* **Your goal**
Restate the listing below word for word, omitting any images.

* **Available data**
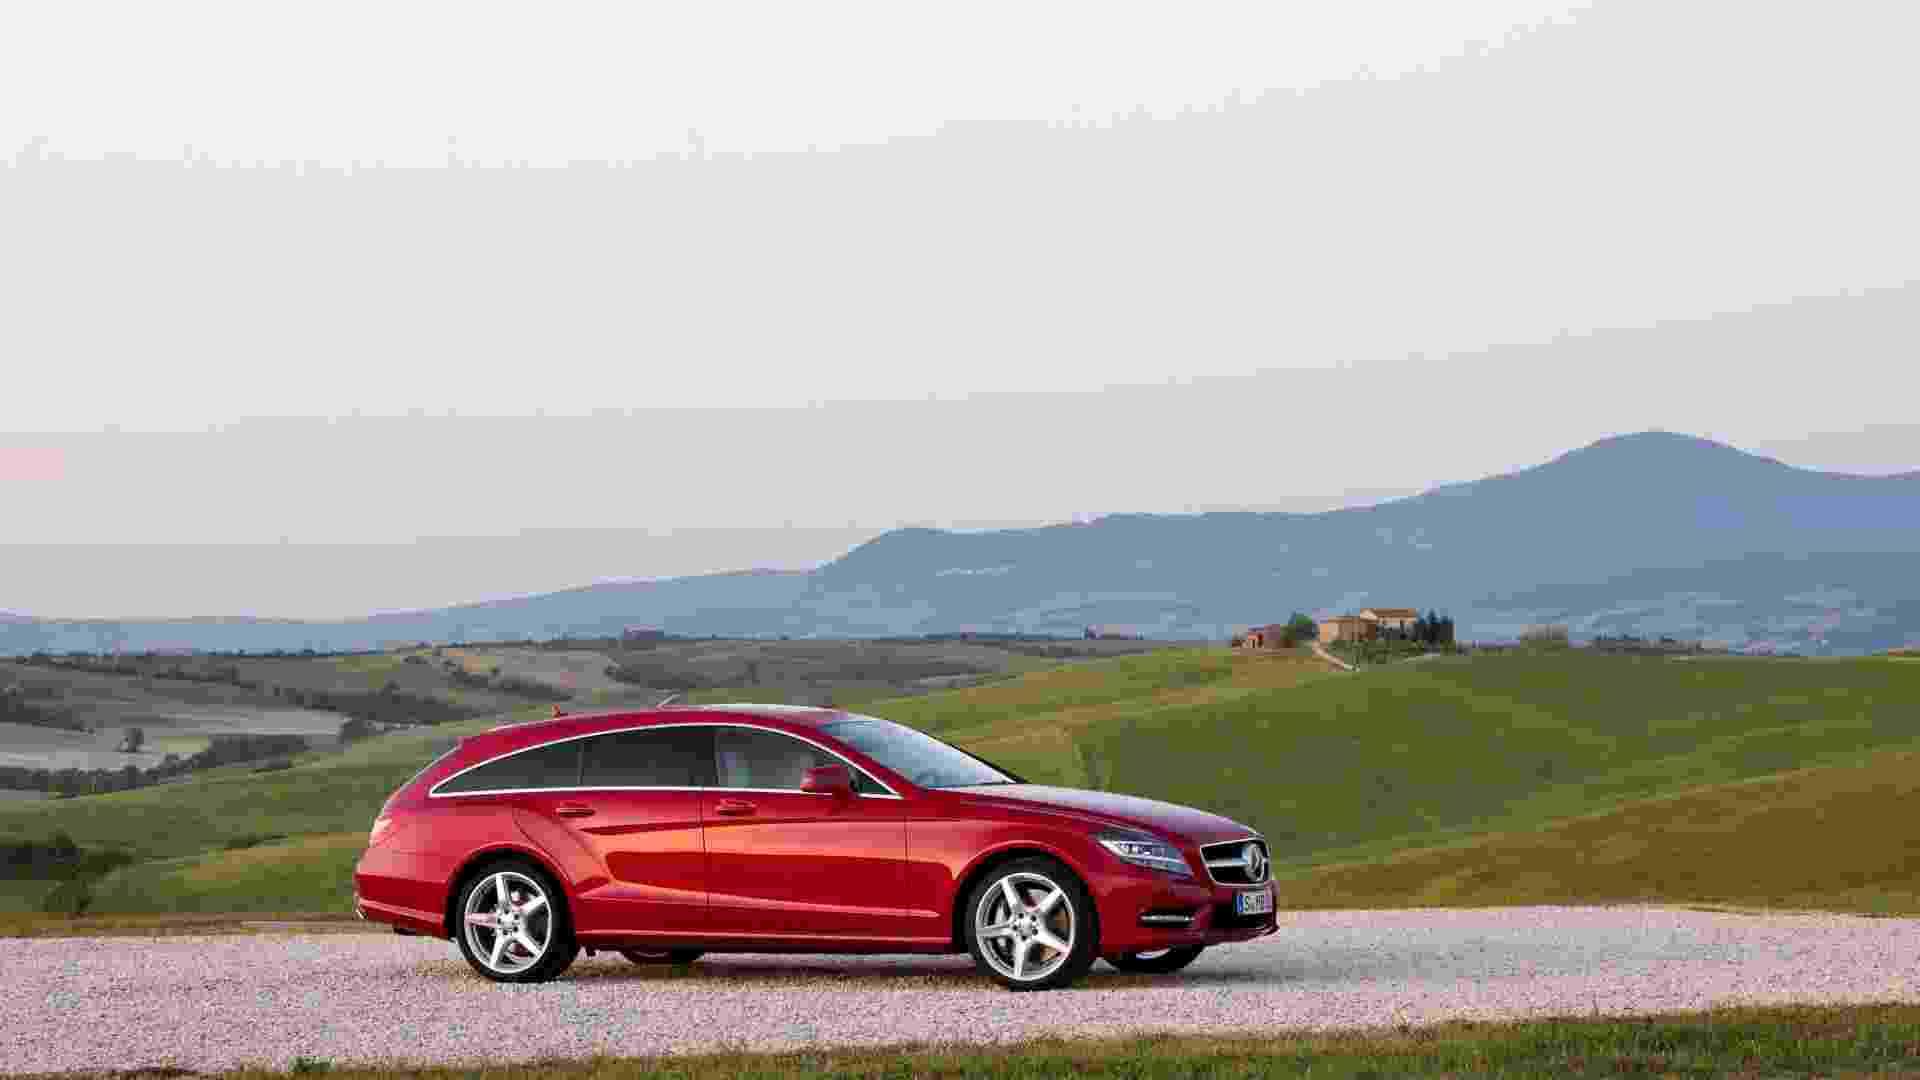 Mercedes-Benz apresenta a perua CLS Shooting Brake, derivada do cupê de quatro portas, no Salão de Paris - Divulgação
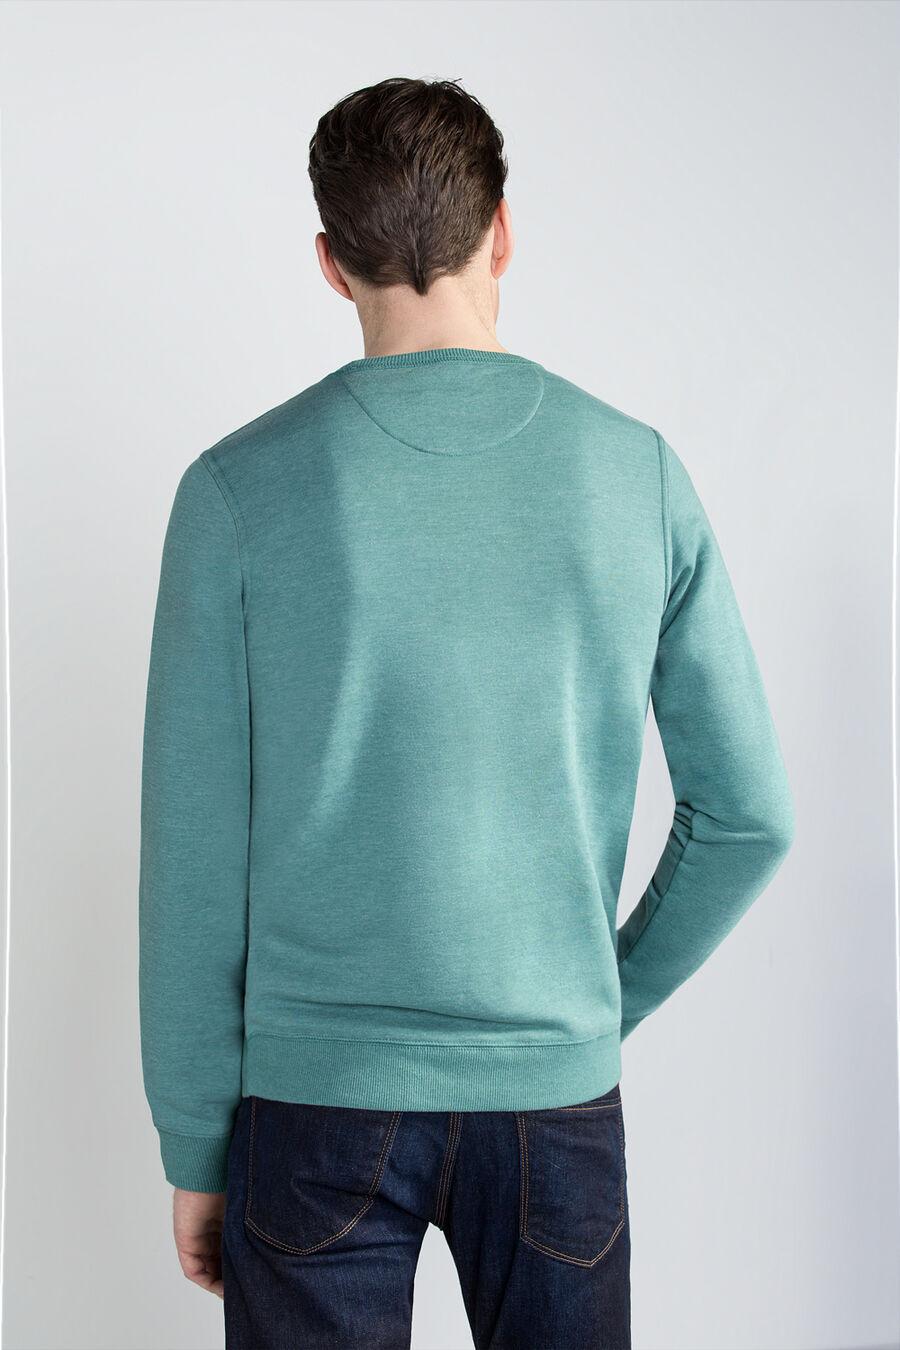 Sweatshirt with styling
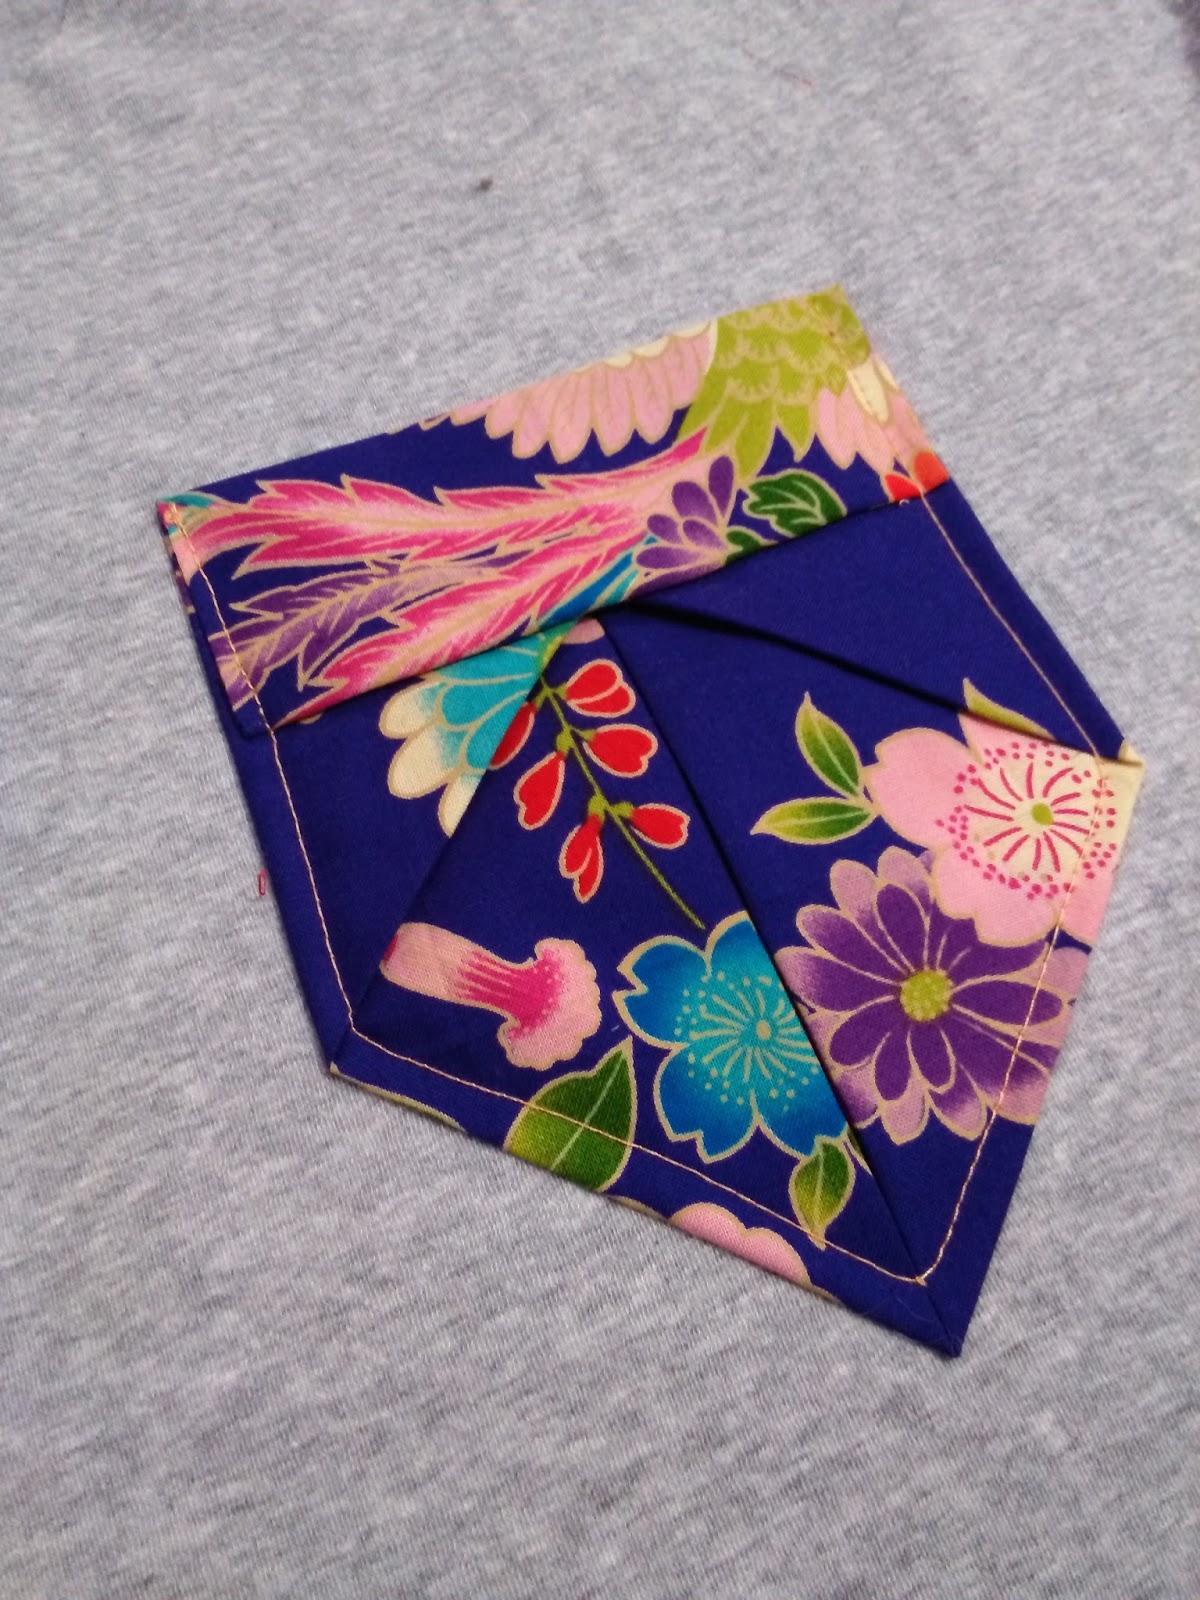 Pandielleando diy bolsillo origami en una camiseta nueva esta vez thecheapjerseys Gallery

* **Solution to the problem**
 Mercedes-Benz apresenta a perua CLS Shooting Brake, derivada do cupê de quatro portas, no Salão de Paris - Divulgação
 Sweatshirt with styling
 Pandielleando diy bolsillo origami en una camiseta nueva esta vez thecheapjerseys Gallery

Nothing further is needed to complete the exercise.